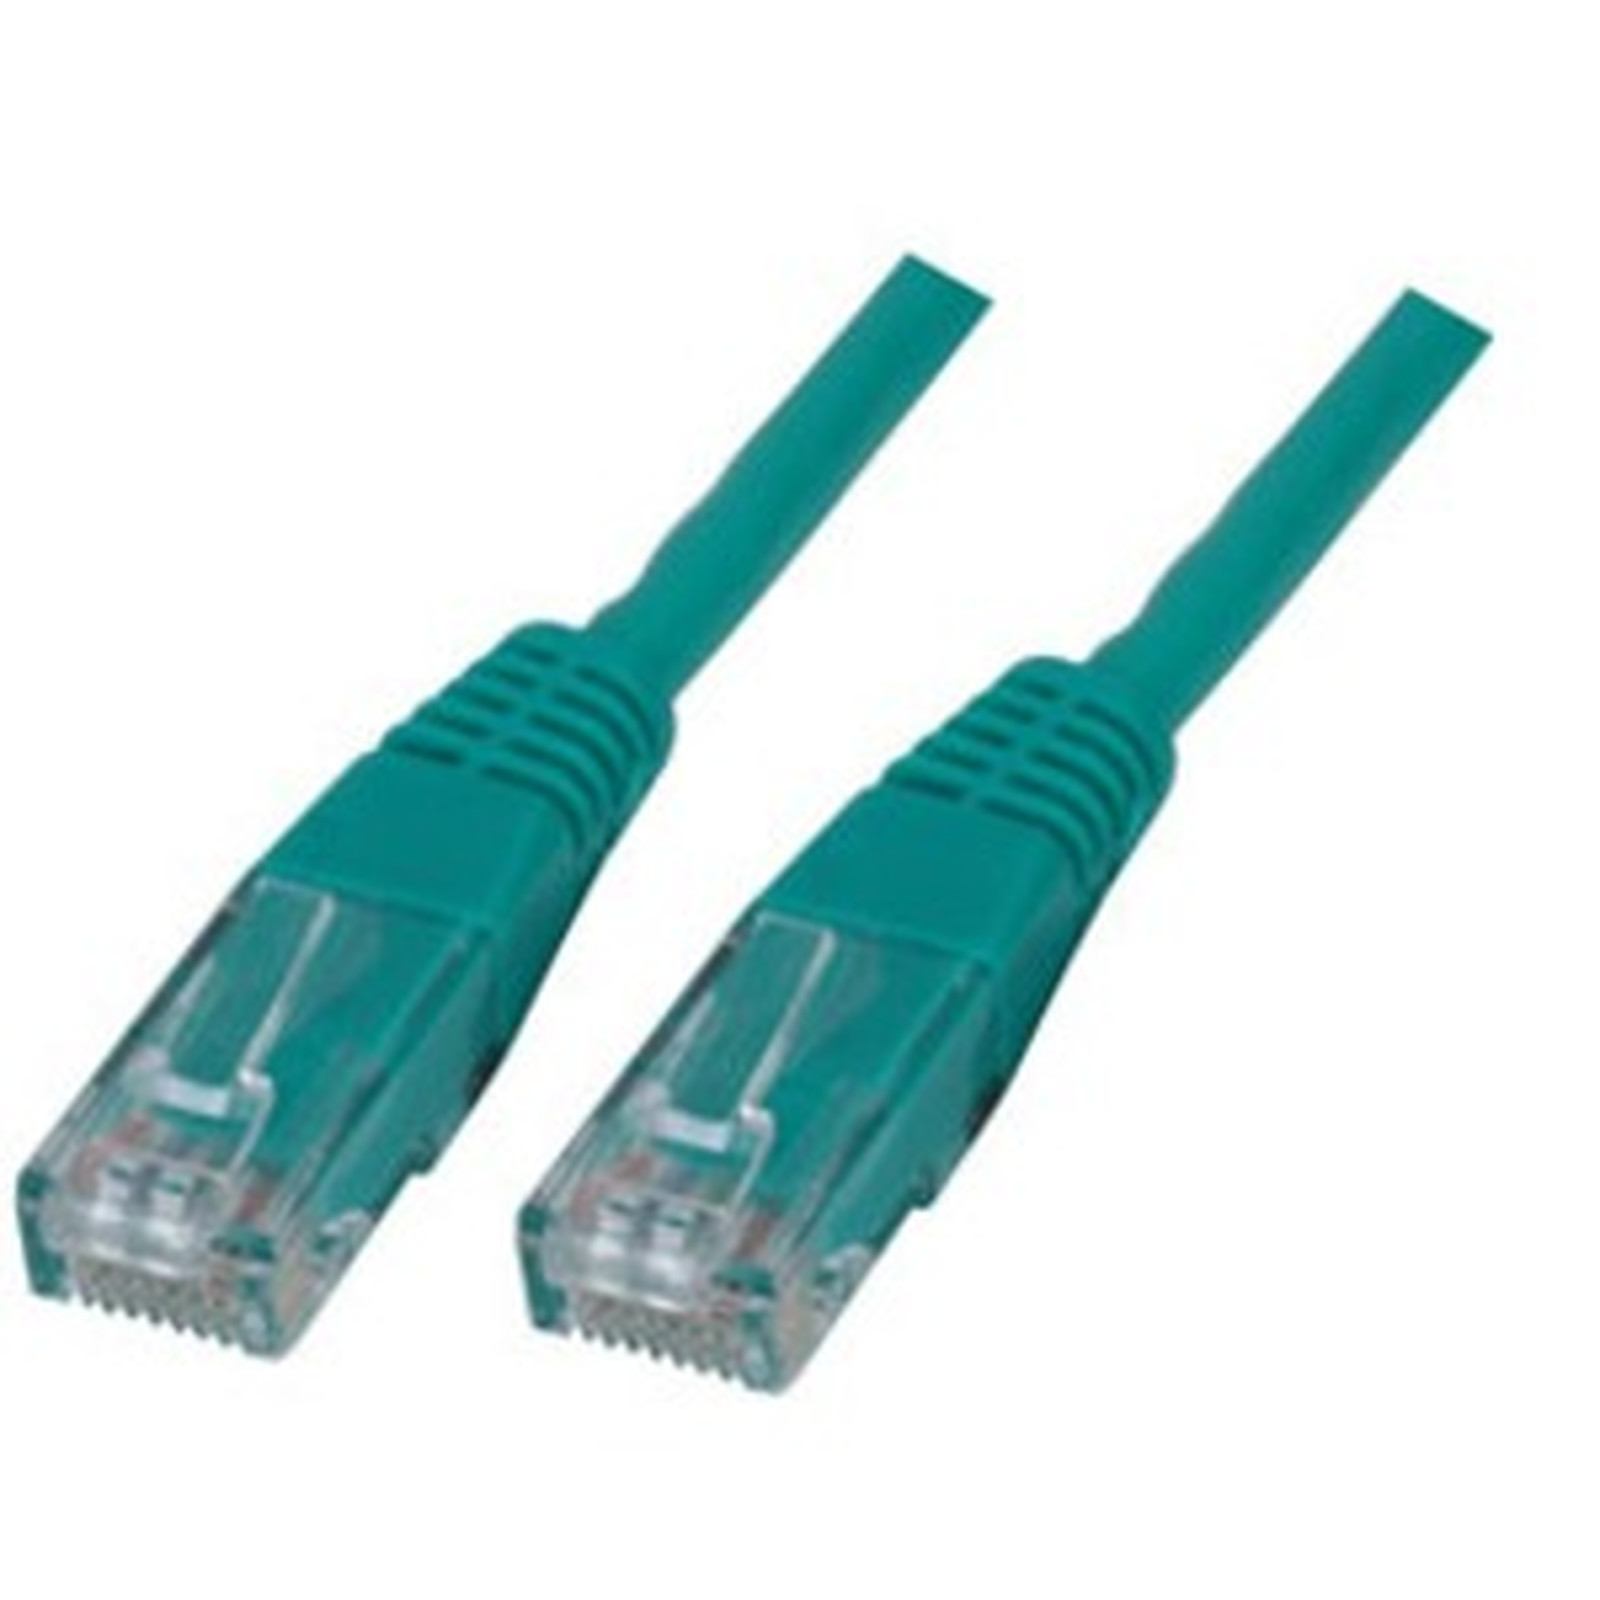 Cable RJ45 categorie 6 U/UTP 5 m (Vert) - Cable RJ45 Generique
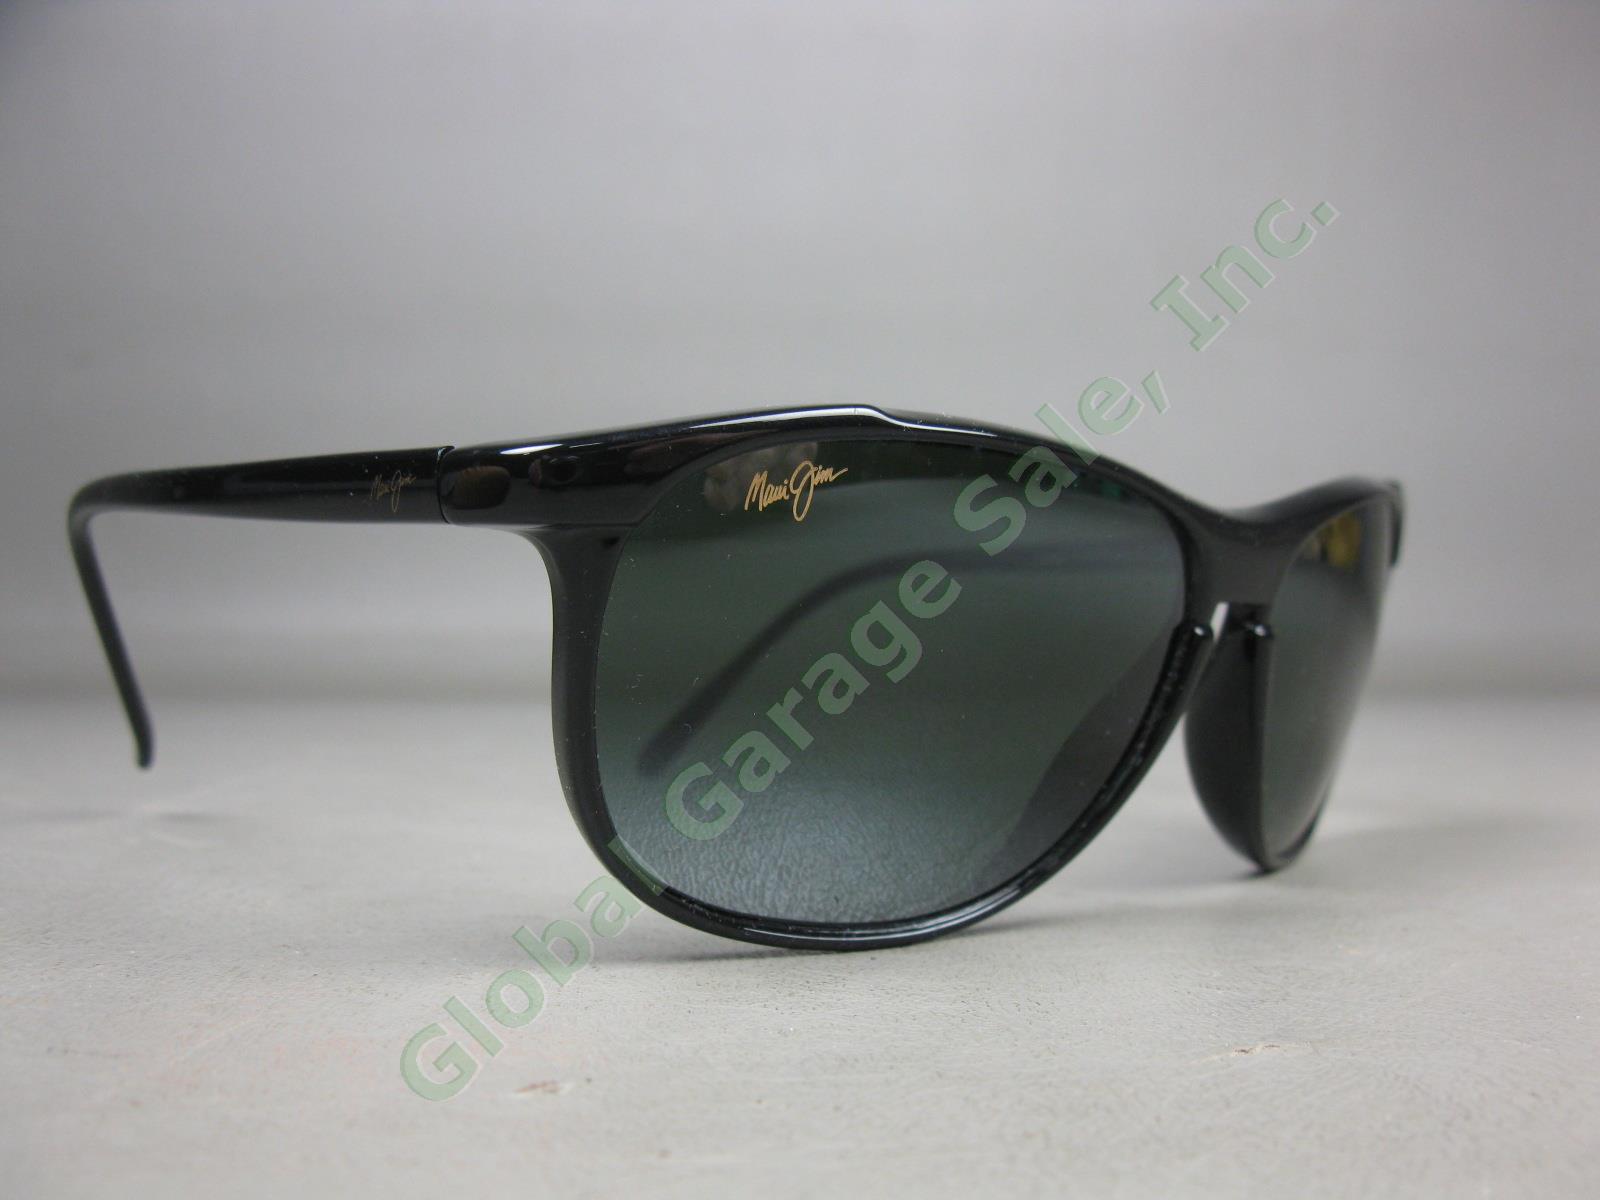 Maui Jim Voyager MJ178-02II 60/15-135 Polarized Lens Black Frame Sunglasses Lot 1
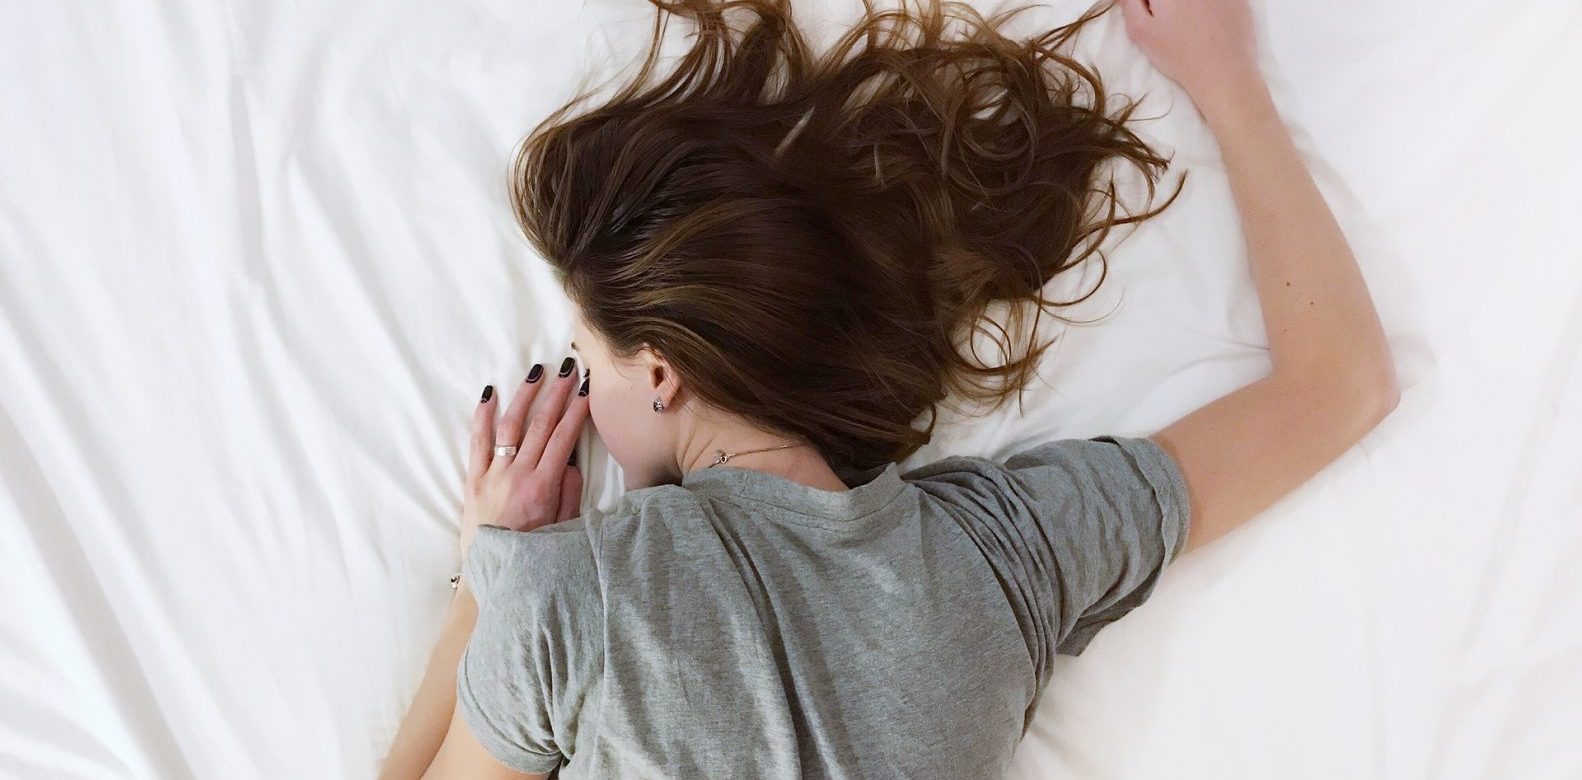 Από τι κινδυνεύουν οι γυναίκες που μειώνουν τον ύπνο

- Assignment
Every line above is to be given again exactly, apart from the pictures.

- Exercise answer
 Cable RJ45 categorie 6 U/UTP 5 m (Vert) - Cable RJ45 Generique
 Maui Jim Voyager MJ178-02II 60/15-135 Polarized Lens Black Frame Sunglasses Lot 1
 Από τι κινδυνεύουν οι γυναίκες που μειώνουν τον ύπνο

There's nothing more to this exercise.